Still, he says, “it is important to define an agreement that even if containing a certain risk that Iran could break out to military nuclear capability either under or in violation of the deal, still represents a significantly smaller threat than the dangers inherent in the status quo, which is likely leading to an Iranian bomb or to a military move to forestall it.”
According to Yadlin, Israel must prevent a “bad agreement.” For example, if the West seals a deal that preserves Iran’s current nuclear capability — 10,000 active old centrifuges and thousands more modern ones with greater output — “that is a bad agreement and is unacceptable. A freeze at this level and a functional Fordow are an excellent foundation for a bomb at any time Iran decides to withdraw from the agreement.”
Yadlin agrees that the harsh economic sanctions are the main reason Iran is engaging in talks. “The Iranians are looking for significant relief from the sanctions in exchange for a non-significant confidence building measure,” he writes. Yadlin says this method has failed in recent years, and the sanctions should be lifted only when Iran adheres to an agreement by downsizing its nuclear program.
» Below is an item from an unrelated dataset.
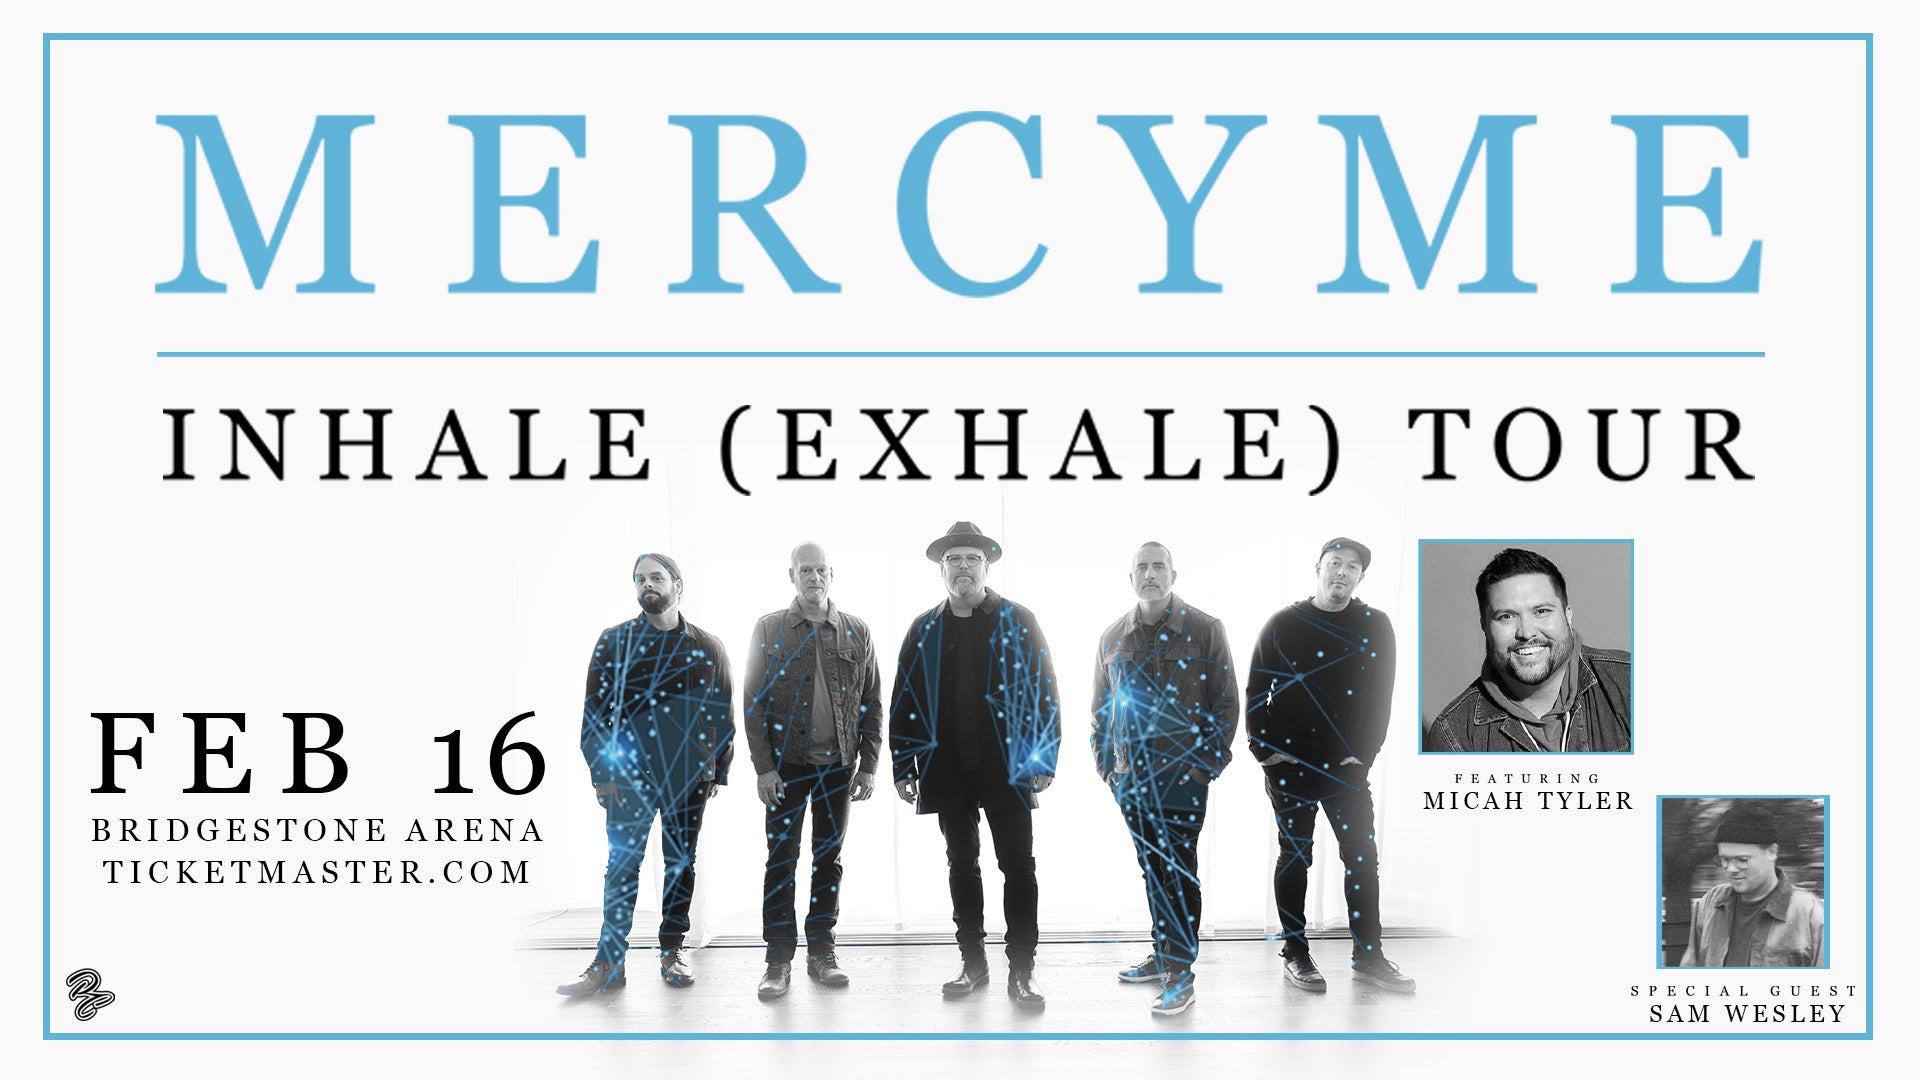 MercyMe inhale (exhale) tour

“It is unclear what lies behind [President Hassan] Rouhani’s drive to reach an agreement on the nuclear problem in a few months, or [Supreme Leader Ali] Khamenei’s affirmation of the need for ‘heroic flexibility,’” Yadlin adds. “Do these signal a willingness to forfeit a military nuclear capability, or yet another attempt to attain this option at the lowest possible cost? For its part, Israel must guarantee that a diplomatic deal is sound enough, and ensure that diplomacy yields more than just a respite for Iran as its nuclear project progresses.”